根据预告片预测电影类型的尝试大多采用多模式方式。然而，电影预告片音频的特点表明，仅靠这种模式可能对类型预测非常有效。电影预告片音频主要由语音和音乐信号组成，这两种信号有的相互独立，有的相互重叠。这项研究假设，电影预告片的类型标签可能与其音频部分的组成有关。在这方面，预告片音频的语音-音乐置信度序列被用作一种特征。此外，在当前任务中还采用了之前提出的用于辨别语音-音乐的其他两个特征。本作品针对流派分类任务提出了一种时间和信道注意力卷积神经网络（ACNN）分类器。ACNN 中的卷积层学习输入特征中的空间关系。时间注意层和通道注意层分别学习关注关键的时间步骤和 CNN 内核输出。实验使用了 Moviescope 数据集，并使用了两种基于音频的基准方法来衡量这项工作。与基线方法相比，带有 ACNN 分类器的特征集提高了流派分类性能。此外，在对受不同文化影响的电影（EmoGDB）进行类型预测时，也获得了不错的泛化性能。

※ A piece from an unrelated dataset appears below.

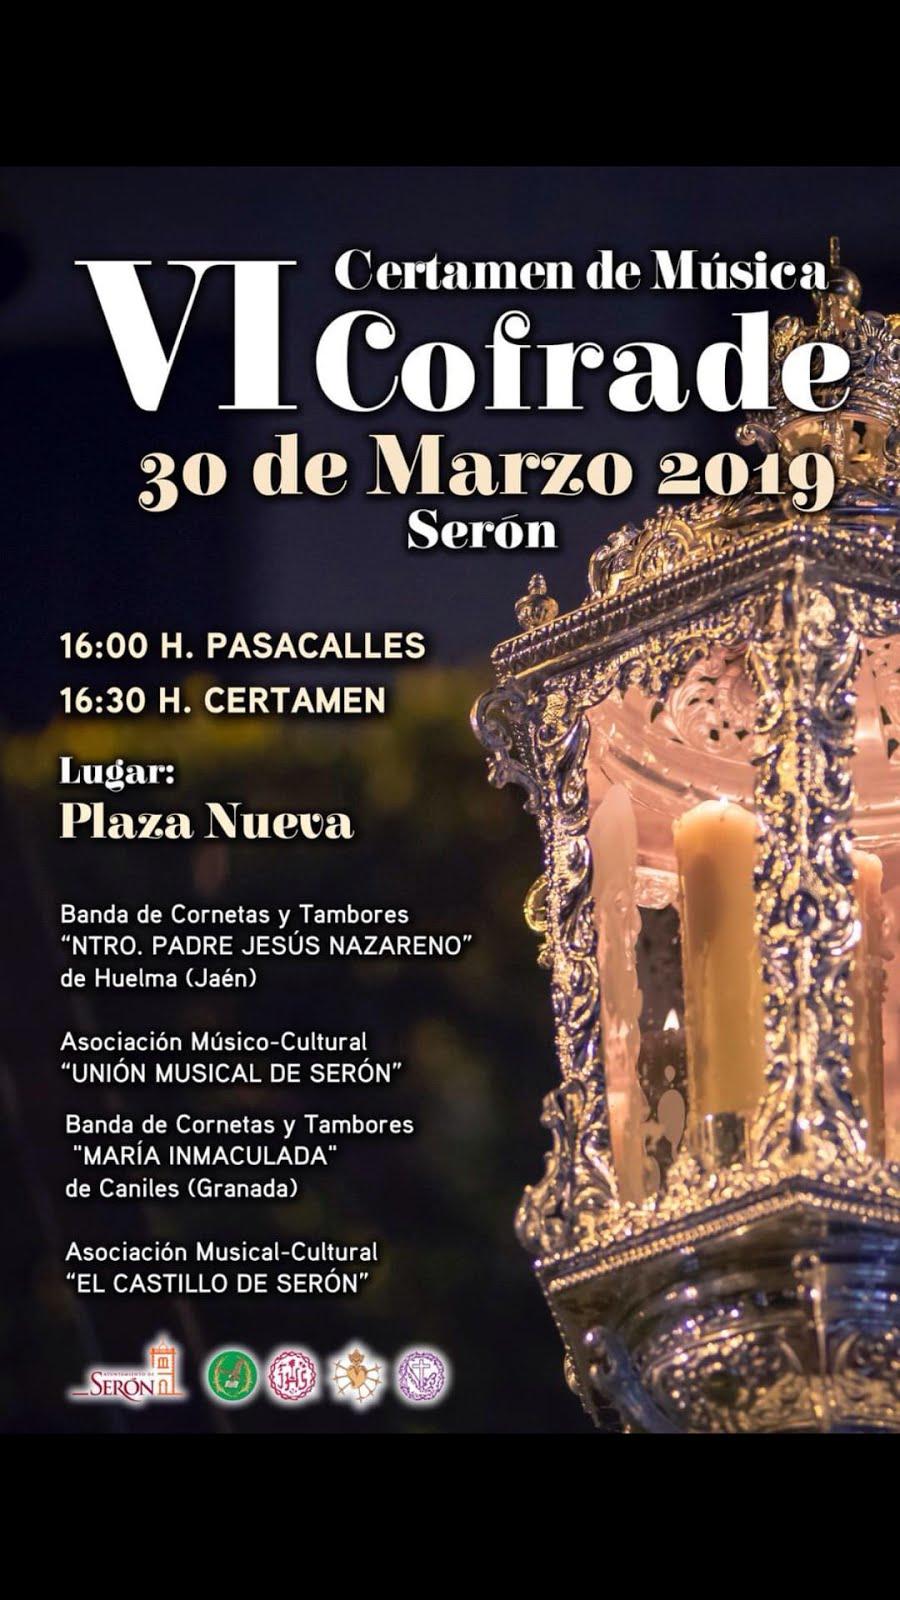 SÁBADO 30 MARZO. VI CERTAMEN MÚSICA COFRADE DE SERÓN
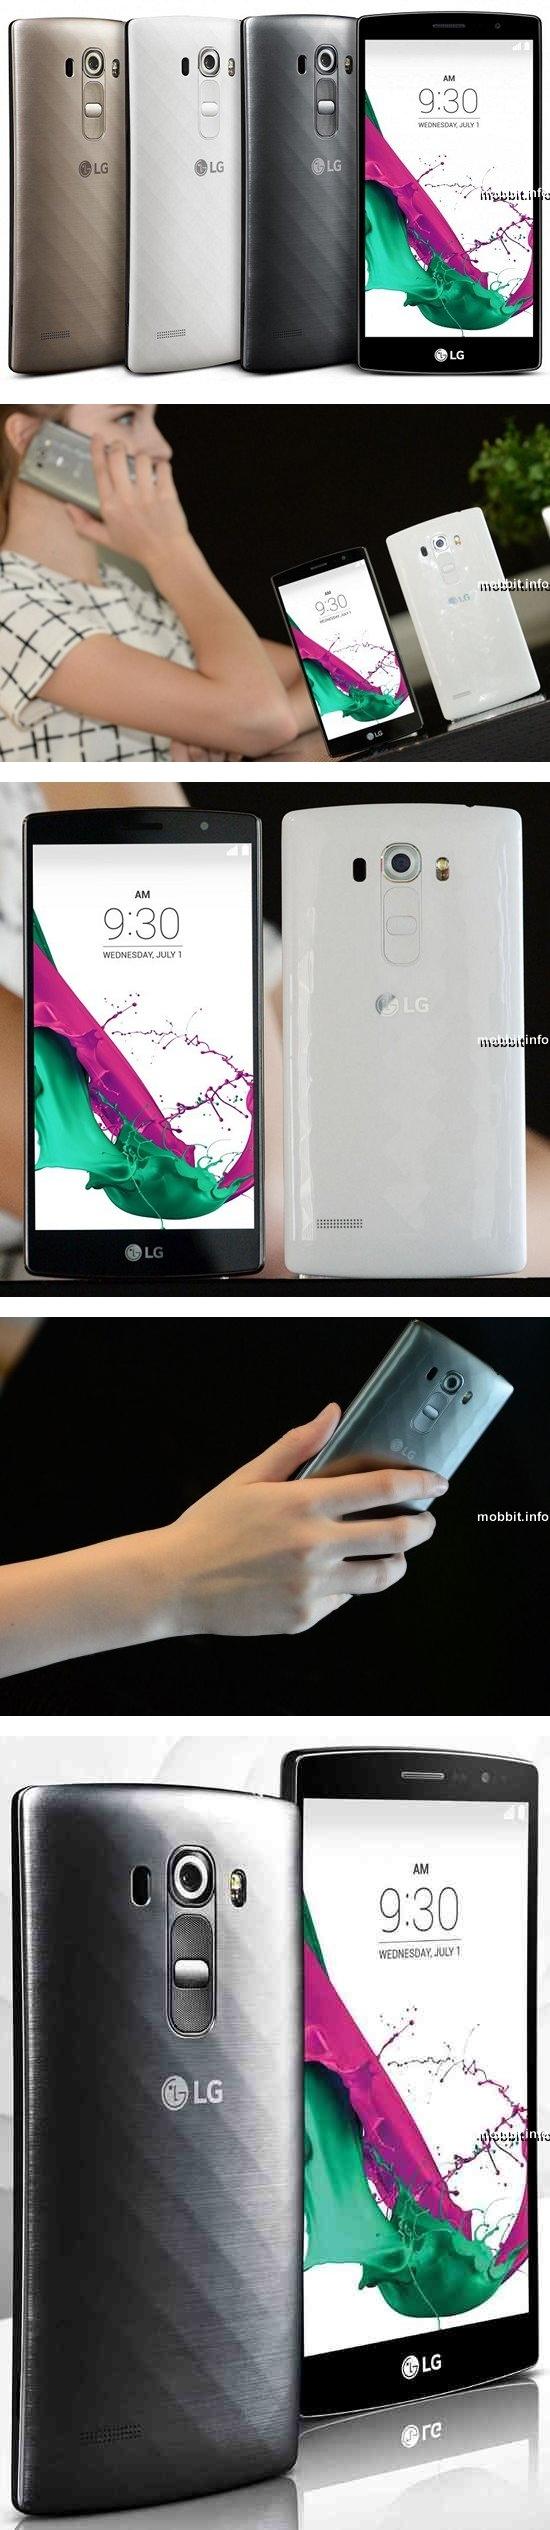 LG G4s

本文章由计算机程序翻译，如有差异，请以英文原文为准。

求助全文

约1分钟内获得全文求助全文

来源期刊

ACM Transactions on Multimedia Computing Communications and Applications 工程技术-计算机：理论方法

CiteScore

8.50

自引率

5.90%

发文量

285

审稿时长

7.5 months

期刊介绍： The ACM Transactions on Multimedia Computing, Communications, and Applications is the flagship publication of the ACM Special Interest Group in Multimedia (SIGMM). It is soliciting paper submissions on all aspects of multimedia. Papers on single media (for instance, audio, video, animation) and their processing are also welcome. TOMM is a peer-reviewed, archival journal, available in both print form and digital form. The Journal is published quarterly; with roughly 7 23-page articles in each issue. In addition, all Special Issues are published online-only to ensure a timely publication. The transactions consists primarily of research papers. This is an archival journal and it is intended that the papers will have lasting importance and value over time. In general, papers whose primary focus is on particular multimedia products or the current state of the industry will not be included.